The bank bailouts of 2008, after the financial crash initiated by the mortgage derivatives melt-down, will likely provide the template for the U.S. and other first-world countries re-starting their economies. Old fossil-fuel dependent heavy industries will be revived, airlines resurrected, factory-farming jump-started, the auto industry saved from bankruptcy, the oil industry revivified, and a new era of deregulation birthed – all justified by the economic crisis.
George Monbiot in his weekly Environment column for the U.K. Guardian suggests,
“This is our second chance to do things differently. It could be our last. The first in 2008, was spectacularly squandered. Vast amounts of public money were spent reassembling the filthy old economy, while ensuring that wealth remained in the hands of the rich. Today, many governments seem determined to repeat the catastrophic mistake.”
In the U.S. we can be sure that Trump will promote the feeding of the zombie economy with massive quantities of public monies and celebrate its every flicker of life as it slowly lumbers back to its accustomed habits of growth, pollution and the advertising propaganda that fuels our search for identity and social meaning through consumption. The Club of Rome, the distinguished international think-tank that published its seminal report, The Limits to Growth, in 1972, suggests an alternative,
“Covid-19 has shown us that overnight transformational change is possible. A different world, a different economy is suddenly dawning.

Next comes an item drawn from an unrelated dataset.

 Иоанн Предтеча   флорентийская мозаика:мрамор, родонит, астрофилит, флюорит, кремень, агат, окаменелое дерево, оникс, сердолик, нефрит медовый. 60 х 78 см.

This is an unprecedented opportunity to move away from unmitigated growth at all costs and the old fossil fuel economy, and deliver a lasting balance between people, prosperity and our planetary boundaries.”
In the Netherlands, more than seventy academics have co-signed, Five Proposals for a Post-Covid-19 Development Model. Leiden University’s web site, where this document originated, has, for the moment gone off-line, perhaps hacked or over-loaded. Its first proposal call for a move away from development focused on aggregate GDP, suggesting that degrowth should be applied to extractive industries and advertising, while growth is encouraged in the health, education and clean energy sectors. Its second recommends a universal basic income funded from progressive taxation, along with job-sharing and a reduced work week. Its third proposes a regenerative transformation of agriculture, local food production and fair wages for farm workers. Its fourth focuses on the need to reduce travel and heedless consumption, and its fifth suggests debt forgiveness for students, workers, small business owners and impoverished nations in the Global South.
This standard wish-list of a progressive agenda would indeed fulfill the Club of Rome’s call for ‘a lasting balance between people, prosperity and our planetary boundaries.’ Endless growth can only end in tears, yet our leaders are addicted to an expansionary economic model that continues to be fossil-fuel dependent. The extraordinary circumstances of a global stand-down as SARS-CoV-2 careens across the planet, has given us, amidst the appalling realities of viral sickness and death, a momentary vision of a saner, healthier, and a cooler world.